I close my eyes again, pretending not to notice.
It’s seen as a great honor to have Halton’s favor, and he damn well knows it. I don’t care how powerful your family is. Power won’t win my attention.
The heat of his gaze on my face becomes too much. I open my eyes again and turn to face him. Usually he’d have backed off by this point, but Halton just stands there staring at me in his quiet, privileged aura, not bothering to sing with the rest of us.
What do you want? I challenge with my eyes.
The choirmaster gives a loud clap clap clap in my direction. “Goodwin, eyes to the front!”
Angry with myself for being publicly reprimanded, I snap my head around just as the music abruptly cuts from the speakers with a wave of the choirmaster’s hand.
“Thoroughly unremarkable. If that performance is to enlighten the Texas Legislature on the importance of art programs, I pray you are all geniuses at math and science. Memorize by tomorrow. Dismissed.”
For the first time in half a century, Strake is reestablishing its choir program. The performing arts were deemed an unessential use of money while millions of people were starving to death and dying from superstorms. Singing belonged to the past.

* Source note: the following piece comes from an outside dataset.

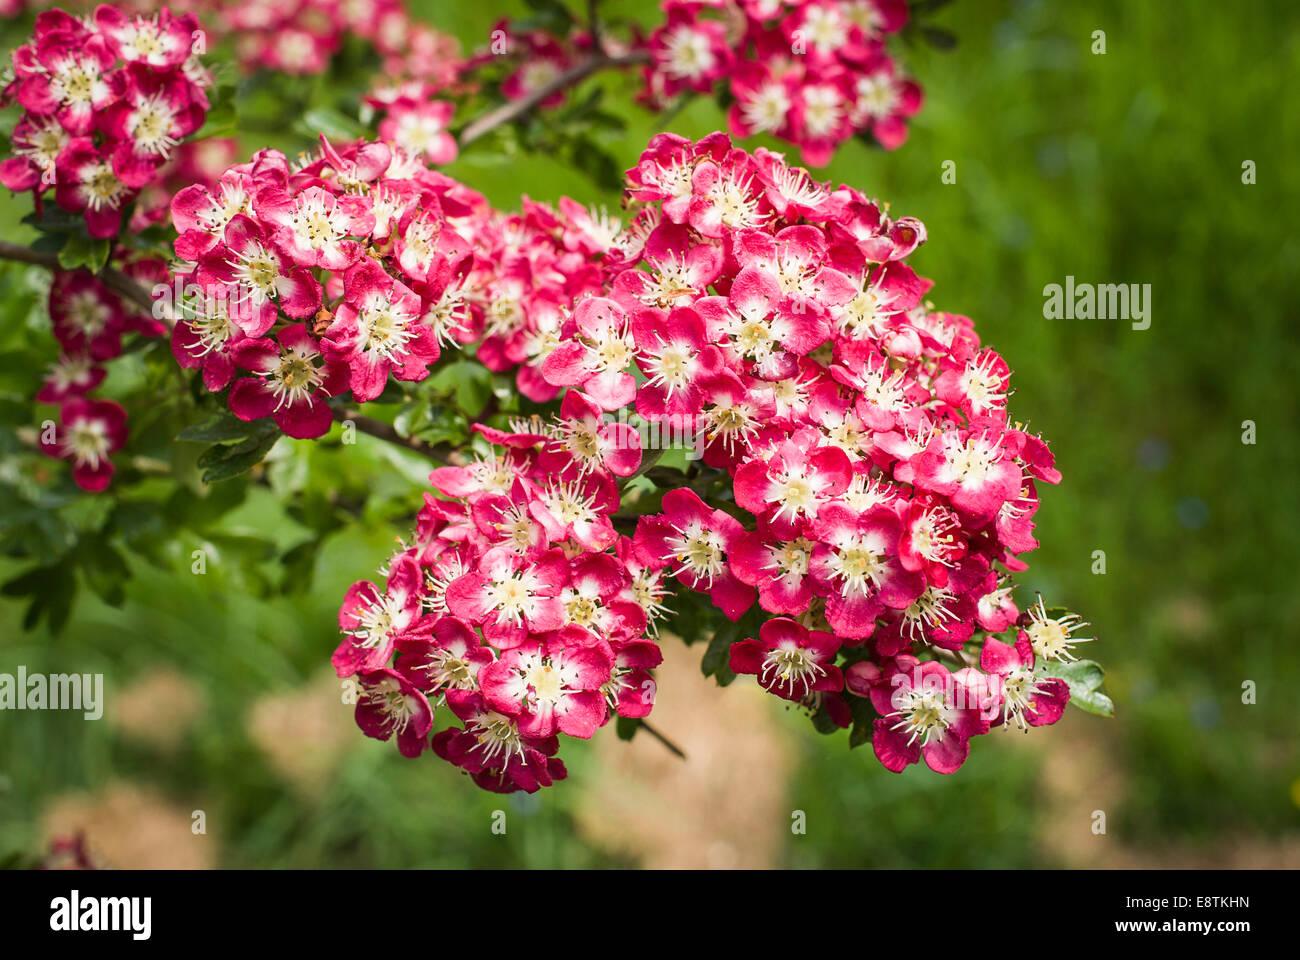 Flowering blossom on an ornamental hawthorn tree - Stock Image

This year is different. In an unprecedented, lavish affair, Governor Howard S. Roth, the influential leader of Texas, envisions a grand spectacle for the Seventy-Fifth Anniversary Gala commemorating the Rule of One. Our youthful voices raised in unified song will surely lull the people into forgetting we are celebrating that we are controlled to the point we can’t even choose how many children we have.
The governor will spare no expense. Next week distinguished delegates from every state will all converge onto Dallas to celebrate, including the president himself. The Lone Star Network speculates this momentous occasion will culminate in the president announcing his support for Roth’s own presidential bid next year.

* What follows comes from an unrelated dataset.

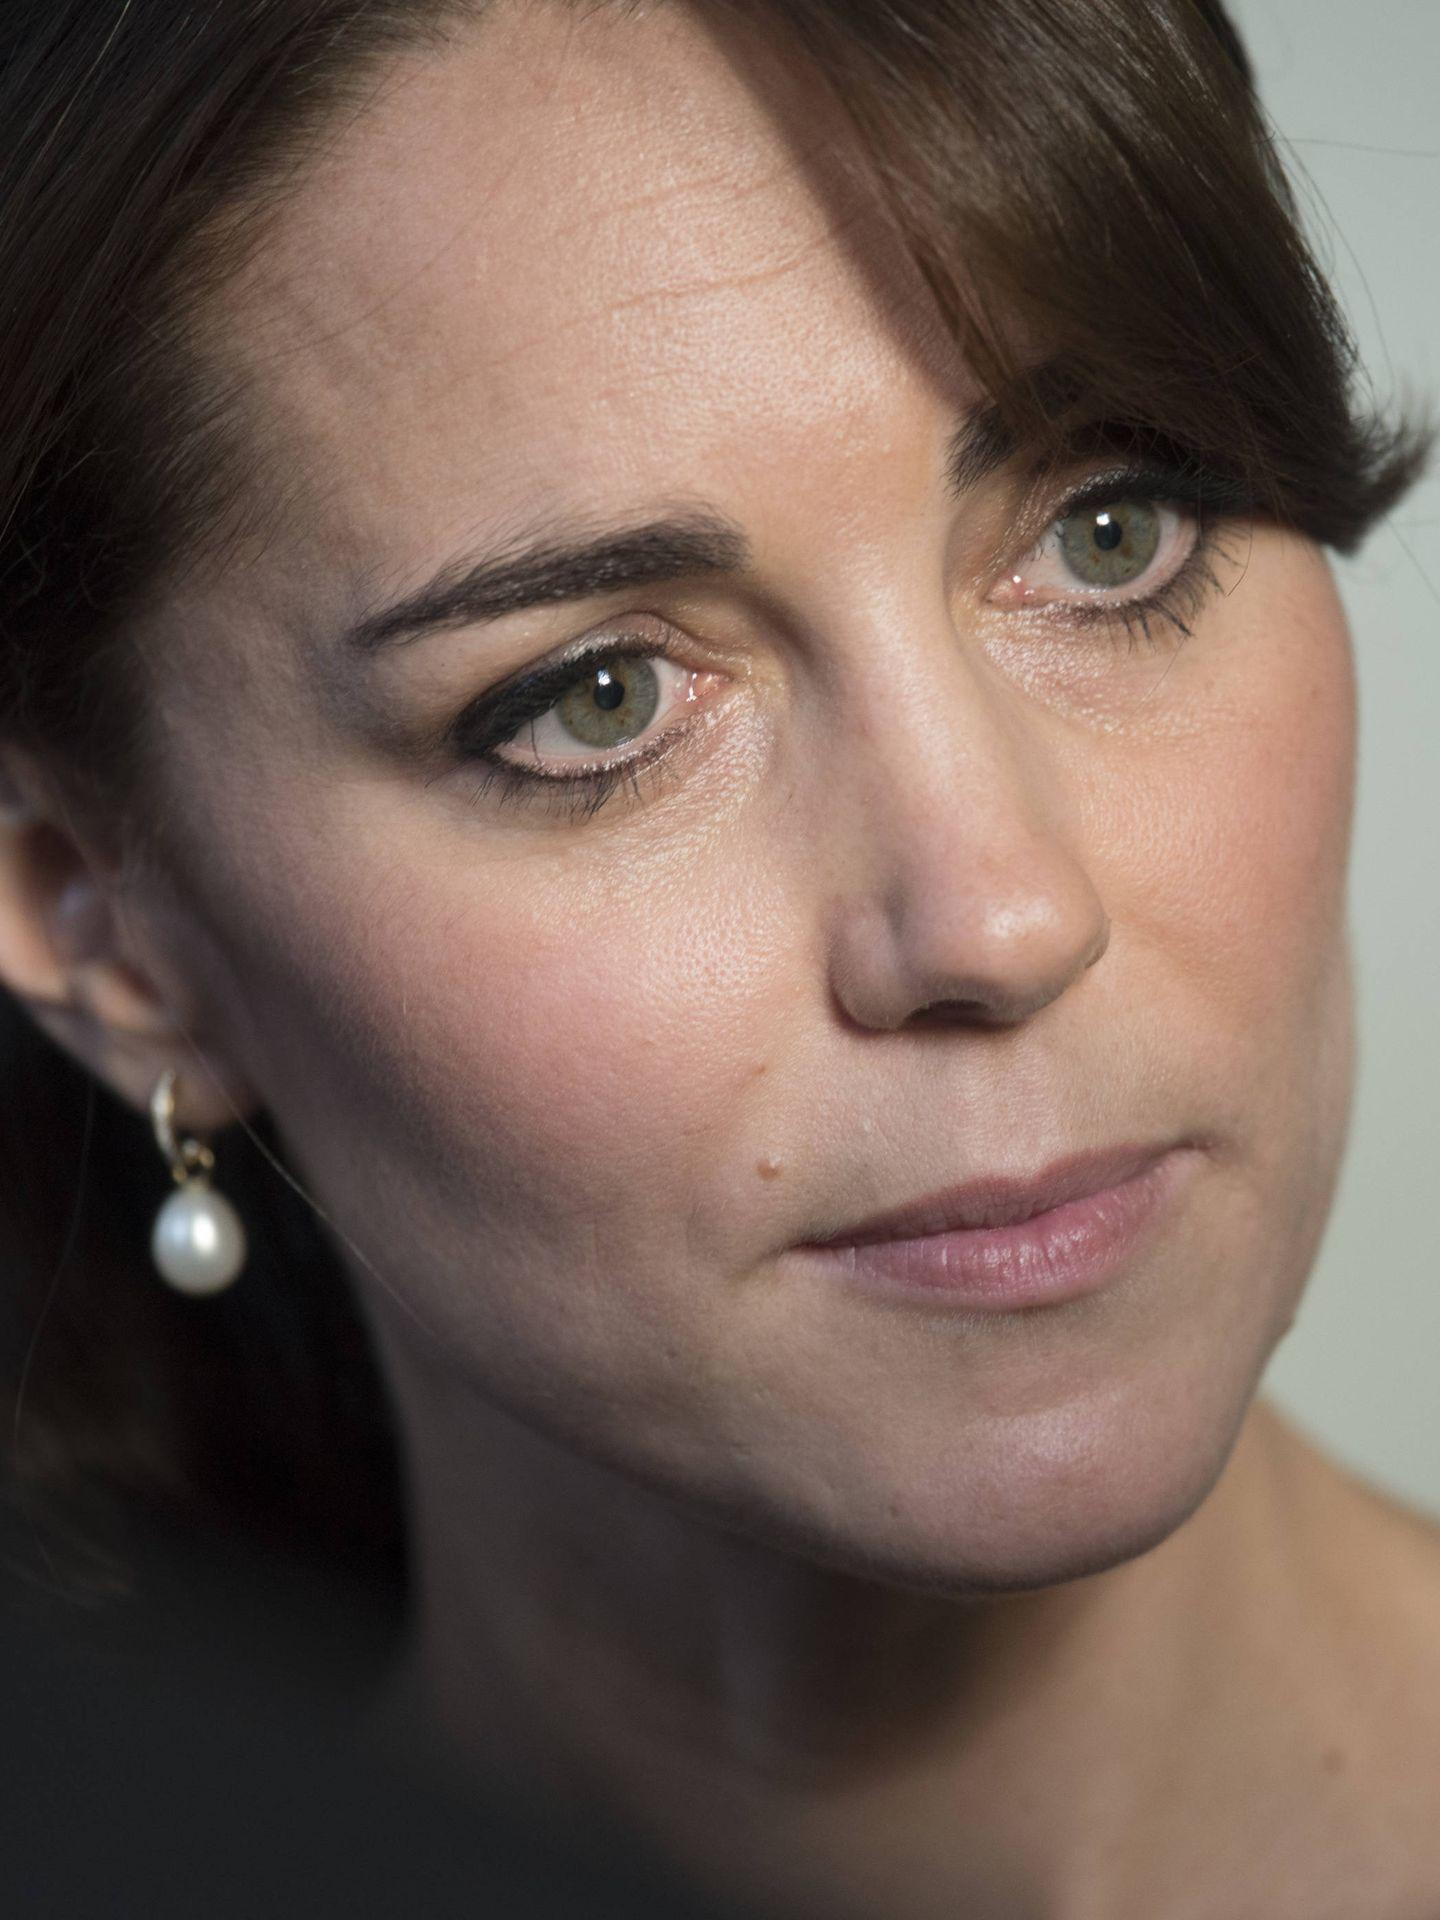 Kate Middleton luce ahora unas mejillas sonrosadas muy naturales. (Cordon Press)

Roth is the longest-serving governor in Texas history, and he rules his state with an iron fist. Despite his controversial methods, leaders all over the world have taken note of Texas’s prosperity. The world is so warped you now need iron instead of air to stay afloat.
My classmates silently depart the stage in an orderly single-file line, their concentration already jumping to the next round of grueling classes as they move out the auditorium doors. I hang toward the back, enjoying the stillness of an empty room.
Lingering a few moments in the quiet, I nod respectfully to Choirmaster Dashwood before facing the overcrowded hallway that leads to my next scheduled stop. Since it’s illegal to cover identifiable marks on your body, Mira or I visit the same bathroom every day so I can privately reapply concealer to the star-shaped scar on my neck.
Head down—we always stare at our feet—I push my way through the Great Lawn and up to the second-floor hallway of the Union. I enter the women’s restroom and sit in the stall farthest from the entrance, but as I pull out my makeup compact, there’s suddenly a shout from above.
“Using unauthorized makeup? Oh dear.”
Startled, I jump from my seat and look up to find a girl staring down at me from the top of the other stall. Recognizing her face, I rapidly search my brain for her name, but it’s hard to memorize and identify tens of thousands of classmates.
“I’m going to have to report you to the Dean.” She clicks her tongue disapprovingly, and her head disappears.
Terrified, I burst from the stall. “Please, you can’t report me!” I plead. “I just—” My appeal is abruptly cut short when a group of influential girls with famous last names erupts into loud, stinging laughter.
“You’re such a prig, Goodwin,” another girl bites. Smiling, she joins their leader (What is her name?) in front of the mirror. High-ranking purple and blue are blazed across their uniforms.
“Whatever you’re trying to cover up,” she continues, “it’s not working.”
In the mirror I see the girls move, not to primp their perfect hair, but to place square patches on each other’s chests, just above their cleavage.
Tape. The chosen drug of the rich.
“If you’re going to break the rules, Goodwin, do try and live up to the possibilities.”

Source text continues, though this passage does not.